• **TRY IT**
Each line from the one containing "Andes Mountains, autumn, Los" through the final line of the data below must be repeated exactly.

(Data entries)
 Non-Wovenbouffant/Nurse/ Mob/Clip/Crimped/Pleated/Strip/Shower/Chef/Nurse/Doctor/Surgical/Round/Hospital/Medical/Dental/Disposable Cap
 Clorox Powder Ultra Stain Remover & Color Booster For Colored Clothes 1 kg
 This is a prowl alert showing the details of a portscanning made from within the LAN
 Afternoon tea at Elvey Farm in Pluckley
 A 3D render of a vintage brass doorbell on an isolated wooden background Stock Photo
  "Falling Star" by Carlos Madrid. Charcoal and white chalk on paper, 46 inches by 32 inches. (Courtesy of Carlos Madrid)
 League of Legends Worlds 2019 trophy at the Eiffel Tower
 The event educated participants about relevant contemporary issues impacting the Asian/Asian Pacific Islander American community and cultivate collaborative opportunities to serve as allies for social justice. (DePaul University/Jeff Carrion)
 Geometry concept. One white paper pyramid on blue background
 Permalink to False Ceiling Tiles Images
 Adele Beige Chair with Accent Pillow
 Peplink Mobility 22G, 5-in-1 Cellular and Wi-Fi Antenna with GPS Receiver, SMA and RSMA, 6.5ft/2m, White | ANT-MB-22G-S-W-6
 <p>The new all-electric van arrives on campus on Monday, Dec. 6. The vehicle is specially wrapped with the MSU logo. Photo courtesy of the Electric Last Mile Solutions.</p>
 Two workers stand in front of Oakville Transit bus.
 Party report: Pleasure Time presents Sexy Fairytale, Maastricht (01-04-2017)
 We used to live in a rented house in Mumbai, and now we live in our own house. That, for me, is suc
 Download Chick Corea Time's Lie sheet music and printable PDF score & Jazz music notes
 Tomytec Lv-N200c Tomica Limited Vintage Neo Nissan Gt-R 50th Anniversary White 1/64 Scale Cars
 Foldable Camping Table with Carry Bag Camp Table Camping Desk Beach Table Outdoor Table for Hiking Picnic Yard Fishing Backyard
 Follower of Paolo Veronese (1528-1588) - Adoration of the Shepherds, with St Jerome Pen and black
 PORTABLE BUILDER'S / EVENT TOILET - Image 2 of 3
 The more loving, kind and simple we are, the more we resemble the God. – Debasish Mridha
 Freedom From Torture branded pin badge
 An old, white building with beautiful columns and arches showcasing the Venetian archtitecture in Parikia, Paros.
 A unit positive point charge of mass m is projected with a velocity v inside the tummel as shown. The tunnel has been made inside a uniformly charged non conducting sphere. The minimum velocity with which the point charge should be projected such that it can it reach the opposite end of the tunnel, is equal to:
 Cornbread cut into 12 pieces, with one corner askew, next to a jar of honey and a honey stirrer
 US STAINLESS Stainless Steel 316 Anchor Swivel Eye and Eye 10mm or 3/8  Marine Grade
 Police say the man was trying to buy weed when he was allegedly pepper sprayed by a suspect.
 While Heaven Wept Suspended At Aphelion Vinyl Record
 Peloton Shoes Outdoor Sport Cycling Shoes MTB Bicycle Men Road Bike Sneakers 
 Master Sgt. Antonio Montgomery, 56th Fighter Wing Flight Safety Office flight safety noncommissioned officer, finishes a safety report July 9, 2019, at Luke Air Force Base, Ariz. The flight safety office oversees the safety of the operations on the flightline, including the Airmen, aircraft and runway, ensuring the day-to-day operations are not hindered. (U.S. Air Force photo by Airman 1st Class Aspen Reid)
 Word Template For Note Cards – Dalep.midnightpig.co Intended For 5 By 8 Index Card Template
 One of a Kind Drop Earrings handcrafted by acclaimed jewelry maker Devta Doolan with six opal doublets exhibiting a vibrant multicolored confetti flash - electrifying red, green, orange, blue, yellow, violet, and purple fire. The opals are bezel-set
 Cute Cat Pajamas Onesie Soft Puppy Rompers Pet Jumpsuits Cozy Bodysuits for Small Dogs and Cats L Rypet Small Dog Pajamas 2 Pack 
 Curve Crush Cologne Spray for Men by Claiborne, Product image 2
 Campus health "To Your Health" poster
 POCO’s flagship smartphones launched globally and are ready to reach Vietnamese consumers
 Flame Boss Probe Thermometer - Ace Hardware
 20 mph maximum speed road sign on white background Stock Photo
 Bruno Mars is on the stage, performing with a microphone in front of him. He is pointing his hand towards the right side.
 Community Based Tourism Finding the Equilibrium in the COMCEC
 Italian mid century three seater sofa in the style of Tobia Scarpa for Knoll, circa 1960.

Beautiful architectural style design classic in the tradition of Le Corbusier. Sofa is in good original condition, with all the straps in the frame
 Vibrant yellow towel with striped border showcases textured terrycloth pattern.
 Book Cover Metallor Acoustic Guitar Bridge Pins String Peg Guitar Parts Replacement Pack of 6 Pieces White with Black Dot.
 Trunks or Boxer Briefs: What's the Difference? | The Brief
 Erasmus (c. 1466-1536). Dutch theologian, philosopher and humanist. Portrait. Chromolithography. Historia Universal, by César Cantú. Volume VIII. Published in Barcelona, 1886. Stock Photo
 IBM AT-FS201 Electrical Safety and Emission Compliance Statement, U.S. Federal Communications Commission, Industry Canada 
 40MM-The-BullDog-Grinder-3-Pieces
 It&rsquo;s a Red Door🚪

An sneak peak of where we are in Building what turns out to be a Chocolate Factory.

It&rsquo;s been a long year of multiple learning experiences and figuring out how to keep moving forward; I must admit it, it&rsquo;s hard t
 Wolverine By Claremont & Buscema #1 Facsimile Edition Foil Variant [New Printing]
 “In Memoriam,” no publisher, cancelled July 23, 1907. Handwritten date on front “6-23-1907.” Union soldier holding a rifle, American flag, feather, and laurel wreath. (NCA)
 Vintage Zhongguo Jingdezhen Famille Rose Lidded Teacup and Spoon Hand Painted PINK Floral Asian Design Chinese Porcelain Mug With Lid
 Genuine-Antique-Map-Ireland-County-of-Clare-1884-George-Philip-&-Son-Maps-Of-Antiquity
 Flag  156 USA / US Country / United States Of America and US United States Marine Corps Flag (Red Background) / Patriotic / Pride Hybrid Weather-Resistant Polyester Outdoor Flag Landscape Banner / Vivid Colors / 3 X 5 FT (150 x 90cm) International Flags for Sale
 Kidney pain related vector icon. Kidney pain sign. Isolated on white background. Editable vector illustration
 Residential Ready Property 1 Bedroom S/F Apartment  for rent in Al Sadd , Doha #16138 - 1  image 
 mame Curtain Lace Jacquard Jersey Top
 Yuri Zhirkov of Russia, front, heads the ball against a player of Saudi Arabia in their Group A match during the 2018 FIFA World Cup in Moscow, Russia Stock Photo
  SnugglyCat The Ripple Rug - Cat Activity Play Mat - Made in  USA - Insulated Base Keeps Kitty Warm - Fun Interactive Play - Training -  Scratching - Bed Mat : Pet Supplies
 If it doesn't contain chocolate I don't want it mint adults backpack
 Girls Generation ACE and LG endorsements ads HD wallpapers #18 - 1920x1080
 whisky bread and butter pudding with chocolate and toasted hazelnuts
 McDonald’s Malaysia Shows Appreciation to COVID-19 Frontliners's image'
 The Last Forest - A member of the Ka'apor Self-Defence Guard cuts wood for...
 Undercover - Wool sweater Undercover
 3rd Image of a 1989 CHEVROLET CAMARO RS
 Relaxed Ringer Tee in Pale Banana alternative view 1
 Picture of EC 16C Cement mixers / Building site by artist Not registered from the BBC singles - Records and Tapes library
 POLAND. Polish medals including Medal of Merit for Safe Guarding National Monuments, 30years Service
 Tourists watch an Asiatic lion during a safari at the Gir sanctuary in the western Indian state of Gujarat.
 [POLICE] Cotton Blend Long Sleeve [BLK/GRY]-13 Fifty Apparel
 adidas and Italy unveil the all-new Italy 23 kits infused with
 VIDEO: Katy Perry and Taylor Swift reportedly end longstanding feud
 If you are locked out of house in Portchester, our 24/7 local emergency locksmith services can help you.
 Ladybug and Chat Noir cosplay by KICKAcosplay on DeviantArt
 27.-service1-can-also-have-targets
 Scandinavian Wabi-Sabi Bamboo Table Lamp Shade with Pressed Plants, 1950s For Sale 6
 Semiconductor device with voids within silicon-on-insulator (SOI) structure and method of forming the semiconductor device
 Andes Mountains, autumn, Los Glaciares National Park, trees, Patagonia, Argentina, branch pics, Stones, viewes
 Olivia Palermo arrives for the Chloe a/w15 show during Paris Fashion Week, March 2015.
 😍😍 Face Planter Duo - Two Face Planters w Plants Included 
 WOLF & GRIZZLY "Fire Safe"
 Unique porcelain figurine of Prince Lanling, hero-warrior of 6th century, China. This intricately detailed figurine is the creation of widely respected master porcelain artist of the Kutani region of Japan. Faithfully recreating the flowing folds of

• **ANSWER TO THIS TASK**
 Andes Mountains, autumn, Los Glaciares National Park, trees, Patagonia, Argentina, branch pics, Stones, viewes
 Olivia Palermo arrives for the Chloe a/w15 show during Paris Fashion Week, March 2015.
 😍😍 Face Planter Duo - Two Face Planters w Plants Included 
 WOLF & GRIZZLY "Fire Safe"
 Unique porcelain figurine of Prince Lanling, hero-warrior of 6th century, China. This intricately detailed figurine is the creation of widely respected master porcelain artist of the Kutani region of Japan. Faithfully recreating the flowing folds of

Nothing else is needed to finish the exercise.